__Input records__
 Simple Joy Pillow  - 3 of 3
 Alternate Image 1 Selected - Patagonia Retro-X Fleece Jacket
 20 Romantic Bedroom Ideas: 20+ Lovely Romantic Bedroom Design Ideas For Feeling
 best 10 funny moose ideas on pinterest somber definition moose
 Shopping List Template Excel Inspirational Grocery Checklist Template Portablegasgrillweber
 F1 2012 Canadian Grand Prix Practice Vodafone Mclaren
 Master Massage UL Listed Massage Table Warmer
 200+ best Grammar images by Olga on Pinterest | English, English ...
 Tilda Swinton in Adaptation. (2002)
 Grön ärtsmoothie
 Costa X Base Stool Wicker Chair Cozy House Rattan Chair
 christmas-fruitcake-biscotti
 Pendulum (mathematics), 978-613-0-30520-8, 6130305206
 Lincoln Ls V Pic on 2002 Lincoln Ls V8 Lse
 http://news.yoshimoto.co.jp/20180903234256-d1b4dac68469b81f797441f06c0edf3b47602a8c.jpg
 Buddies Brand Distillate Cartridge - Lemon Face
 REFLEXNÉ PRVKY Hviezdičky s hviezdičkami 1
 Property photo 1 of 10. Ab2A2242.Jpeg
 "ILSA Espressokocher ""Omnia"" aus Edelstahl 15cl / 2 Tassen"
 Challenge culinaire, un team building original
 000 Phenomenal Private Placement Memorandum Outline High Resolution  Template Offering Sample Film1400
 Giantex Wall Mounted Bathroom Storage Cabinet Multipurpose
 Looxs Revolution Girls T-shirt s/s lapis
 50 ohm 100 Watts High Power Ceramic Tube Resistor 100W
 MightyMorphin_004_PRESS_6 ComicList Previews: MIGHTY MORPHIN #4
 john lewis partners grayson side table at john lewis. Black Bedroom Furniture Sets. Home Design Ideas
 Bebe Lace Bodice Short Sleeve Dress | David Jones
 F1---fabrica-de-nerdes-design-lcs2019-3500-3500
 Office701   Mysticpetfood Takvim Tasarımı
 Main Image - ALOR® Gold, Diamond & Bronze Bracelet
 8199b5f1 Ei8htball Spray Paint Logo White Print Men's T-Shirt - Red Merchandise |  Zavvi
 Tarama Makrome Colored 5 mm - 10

__Problem description__
Restate the records above verbatim up to and including the line containing "Looxs Revolution Girls T-shirt s/s lapis".

__Solution for this task__
 Simple Joy Pillow  - 3 of 3
 Alternate Image 1 Selected - Patagonia Retro-X Fleece Jacket
 20 Romantic Bedroom Ideas: 20+ Lovely Romantic Bedroom Design Ideas For Feeling
 best 10 funny moose ideas on pinterest somber definition moose
 Shopping List Template Excel Inspirational Grocery Checklist Template Portablegasgrillweber
 F1 2012 Canadian Grand Prix Practice Vodafone Mclaren
 Master Massage UL Listed Massage Table Warmer
 200+ best Grammar images by Olga on Pinterest | English, English ...
 Tilda Swinton in Adaptation. (2002)
 Grön ärtsmoothie
 Costa X Base Stool Wicker Chair Cozy House Rattan Chair
 christmas-fruitcake-biscotti
 Pendulum (mathematics), 978-613-0-30520-8, 6130305206
 Lincoln Ls V Pic on 2002 Lincoln Ls V8 Lse
 http://news.yoshimoto.co.jp/20180903234256-d1b4dac68469b81f797441f06c0edf3b47602a8c.jpg
 Buddies Brand Distillate Cartridge - Lemon Face
 REFLEXNÉ PRVKY Hviezdičky s hviezdičkami 1
 Property photo 1 of 10. Ab2A2242.Jpeg
 "ILSA Espressokocher ""Omnia"" aus Edelstahl 15cl / 2 Tassen"
 Challenge culinaire, un team building original
 000 Phenomenal Private Placement Memorandum Outline High Resolution  Template Offering Sample Film1400
 Giantex Wall Mounted Bathroom Storage Cabinet Multipurpose
 Looxs Revolution Girls T-shirt s/s lapis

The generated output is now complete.